No ordenamento jurídico -constitucional brasileiro, a competência para julgamento das contas do chefe do poder Executivo, seja Federal, Estadual ou Municipal é exclusiva do Poder Legislativo respectivos, no entanto o legislador originário de 1988, sabiamente criou os Tribunais de Contas que atuam nas três esferas como órgão auxiliar do Poder Legislativo, suas prerrogativas são de apreciação das constas prestadas anualmente pelo chefe do Poder executivo, contudo caberá aos legislativo o julgamento das mesmas, ( CF art. 49, inciso IX).
Há instrumentos legais que atribuem atividades específicas aos TCs que auxiliam no seu papel, cita-se a Lei Complementar nº 101/2000 - Lei de Responsabilidade Fiscal, a Lei nº 4.320/1964 que Disposições sobre Direito Financeiro, e ainda Lei nº 8.666/1993 que dispõe acerca de Licitações e Contratos, dentre outras.
No que ser refere as nomeações dos membros do Tribunais de Contas ai esta o problema, são de indicação do Legislativo, geralmente as indicações são de políticos em fim de carreira, desgastados pela opinião publica, o mais comum é a nomeação de ex governador, irmão de governador, amigos e parentes de deputados, dentre outros.
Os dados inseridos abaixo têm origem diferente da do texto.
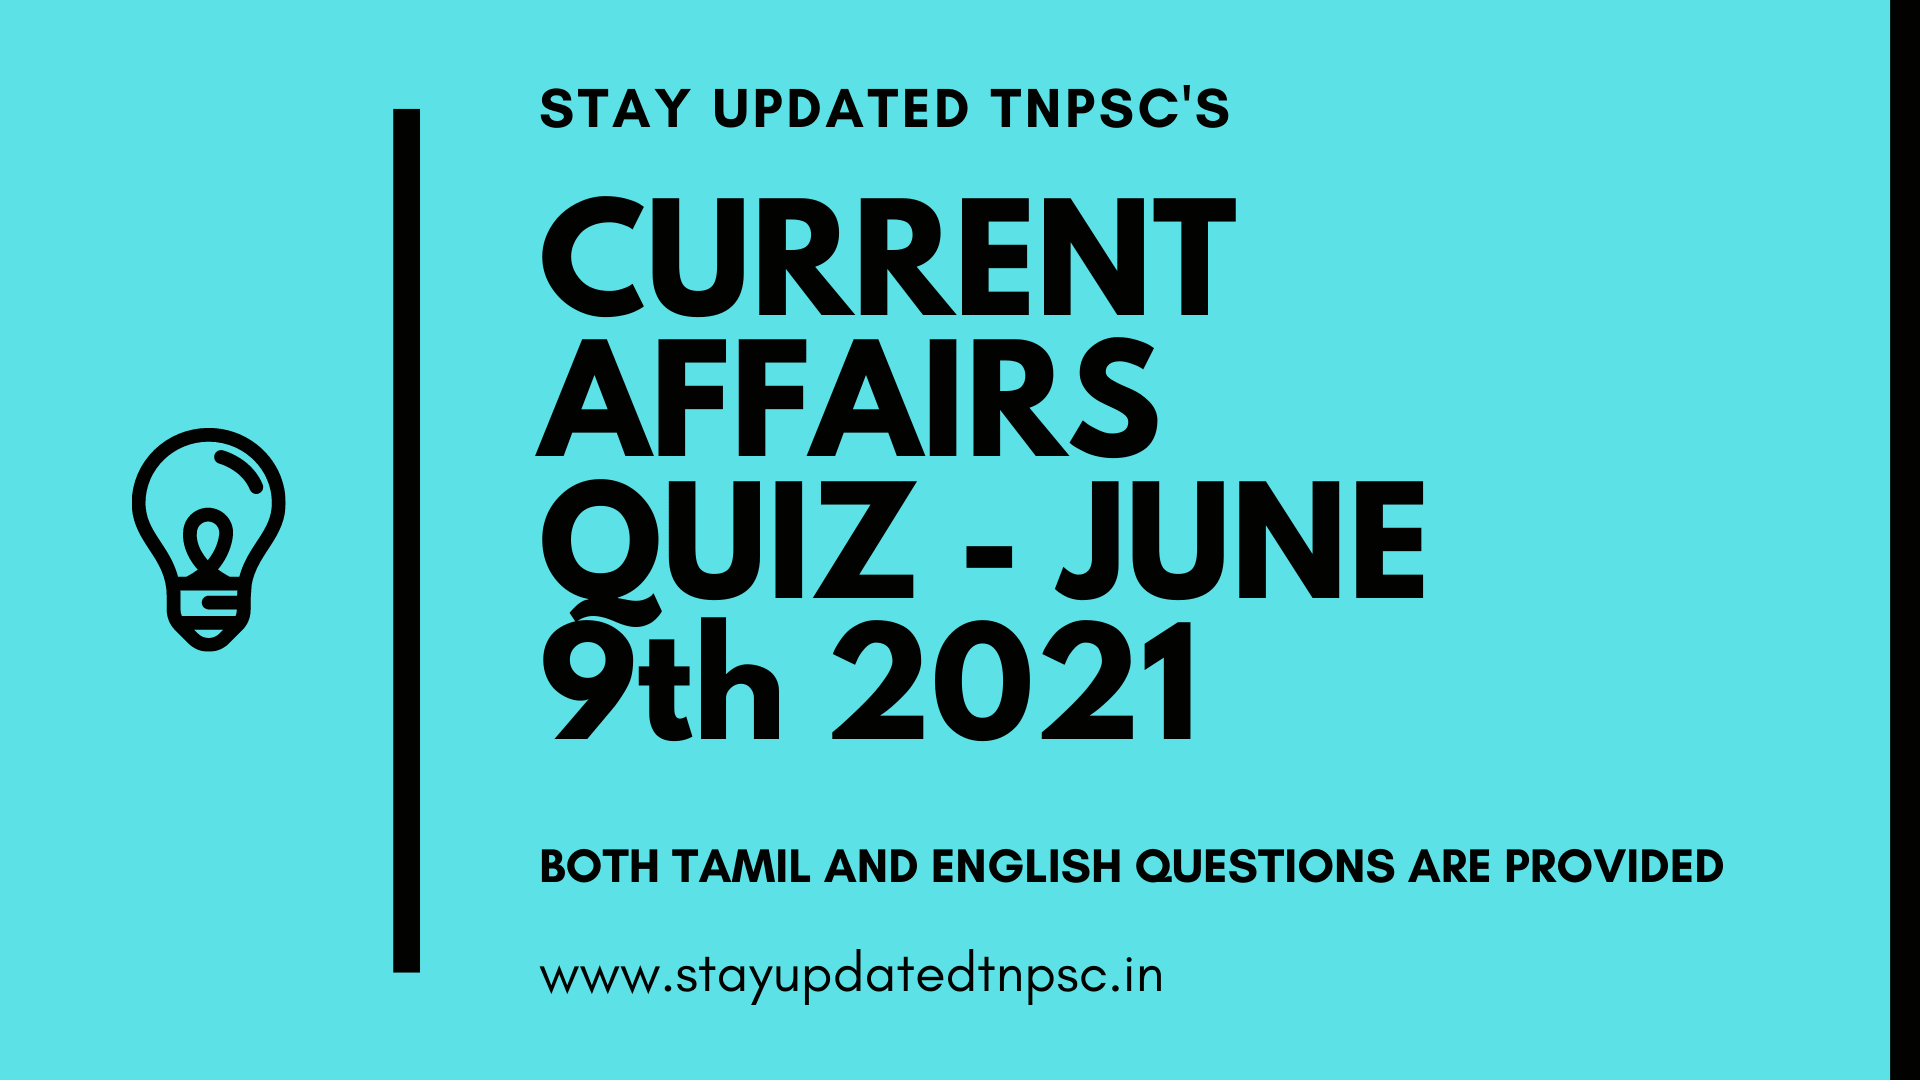 TNPSC DAILY CURRENT AFFAIRS: 09 JUNE 2021

Fica a indagação! Esse servidor que tem o papel de fazer o controle externo das contas publicas será isento nas analises e pareceres, ou sofrem interferência politica de quem os nomeou?. Em todos os estados da federação a prática é a mesma.
A falta de confiança nesse órgão por parte do povo, imperativo se faz que a sociedade precisa fazer pressão politica para melhorar o controle dos gastos do dinheiro publico pelo chefe do Executivo, para com isso seja fiscalizado de acordo com que a lei reza, esse controle nas contas publicas – que é dinheiro do contribuinte deve ser realizado sem qualquer interferência politica de quem quer que seja.
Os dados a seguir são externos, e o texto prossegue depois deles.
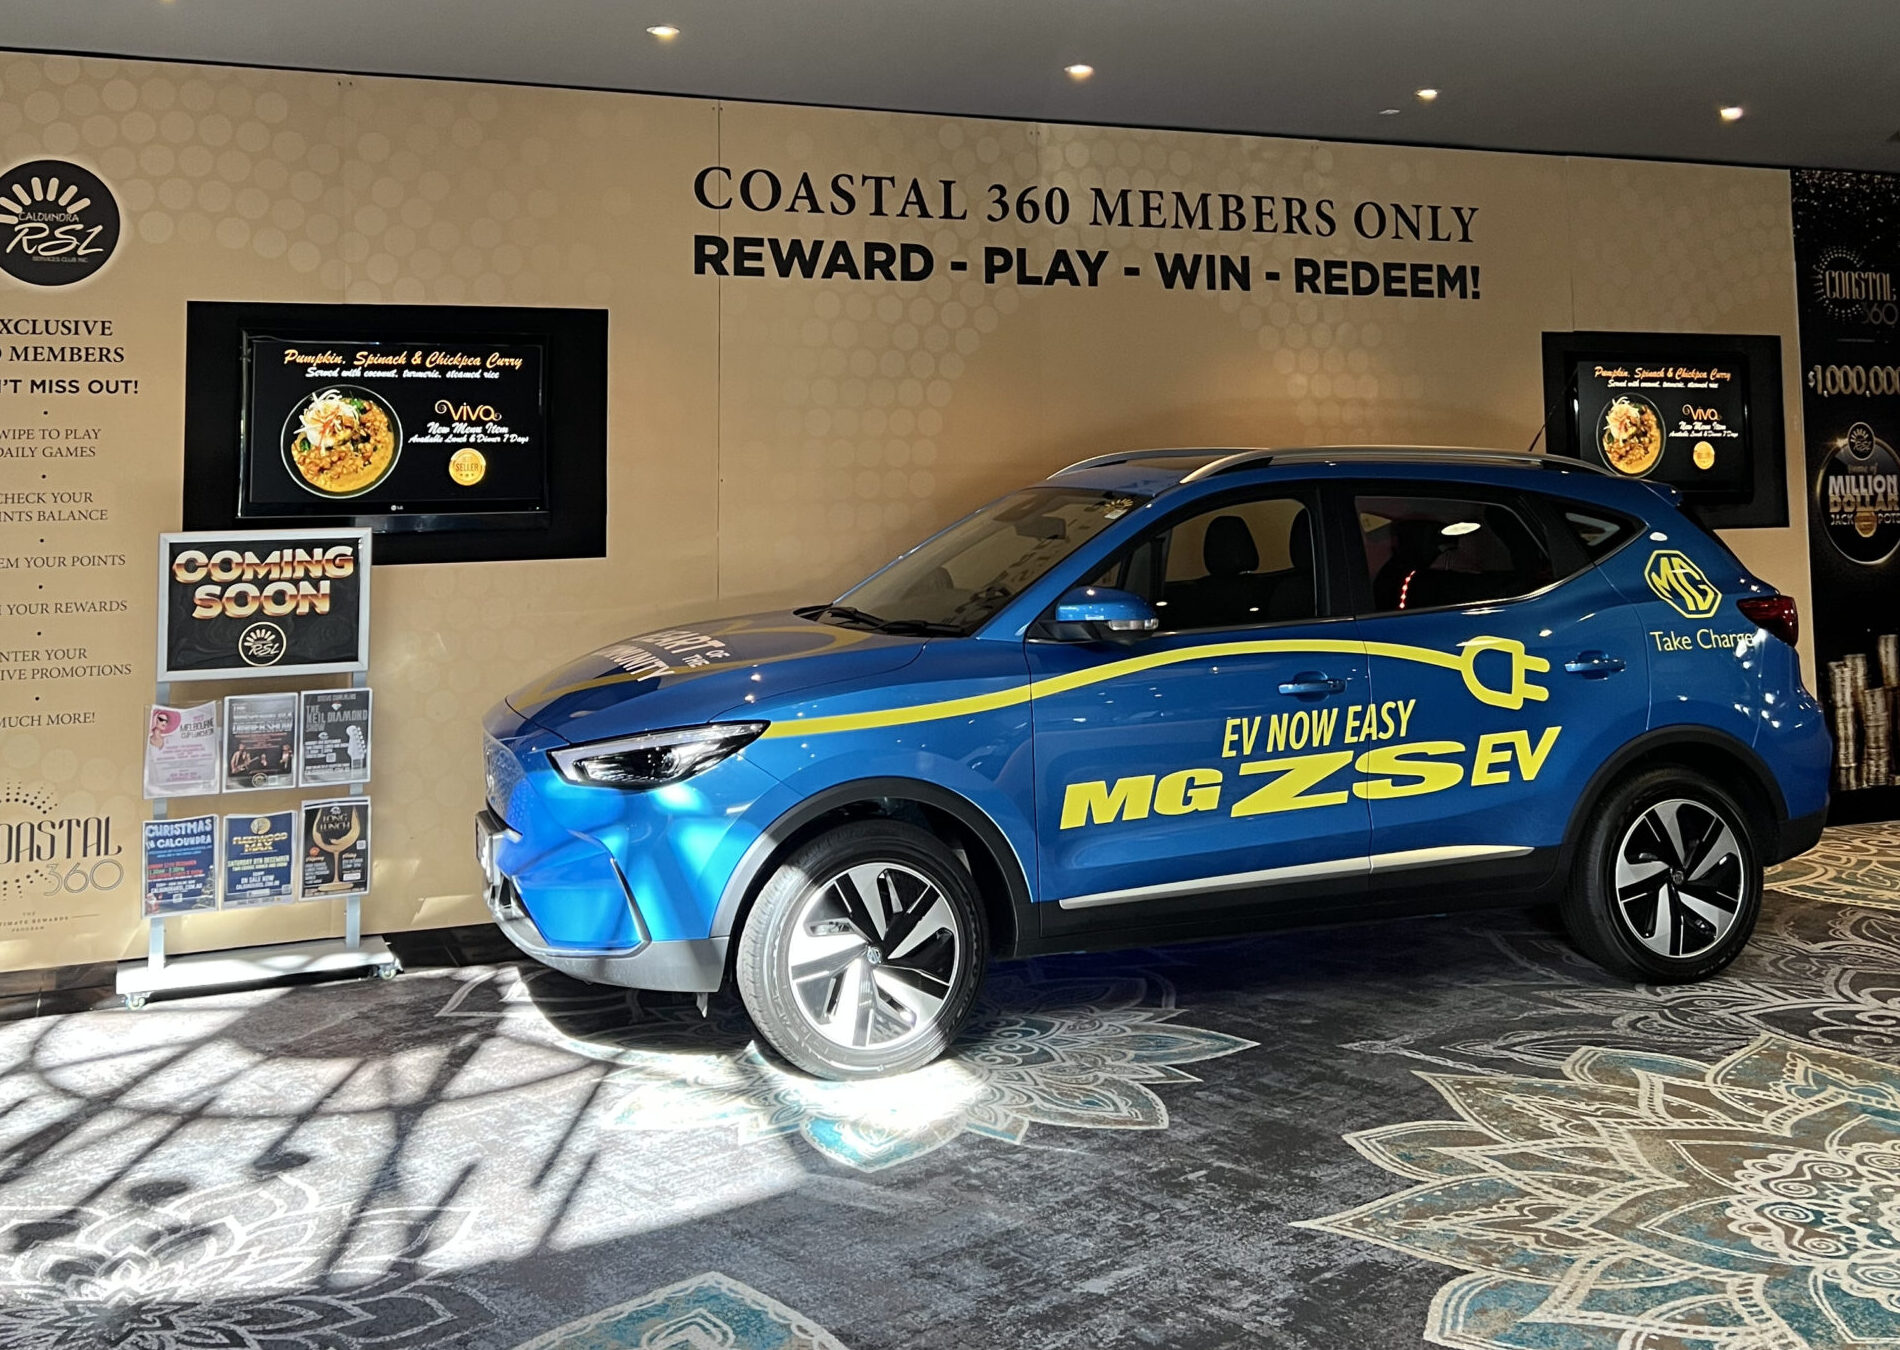 Caloundra RSL competition prize - an electric car.

O Ministério Publico guardião da lei, precisa agir com mais rigor no que se refere a administração do dinheiro dinheiro publico, para que o poder judiciário possa fazer valer a lei e punir os culpados.
Em arremate, precisa-se com urgencia fazer uma reforma na legislação no que se pertine a nomeação para os Tribunais de Contas do Estados e da União, não pode ficar na mão de politicos esse papel, pois é colocar a raposa pra cuidar do galinheiro, não se pode dizer que esse orgão não é de grande valia para o controle das externo das contas públicas, a duvida é a forma de nomeaçao e como os conselheiros se portam depois de nomeados – se irão servir ao povo ou ao seu senhor.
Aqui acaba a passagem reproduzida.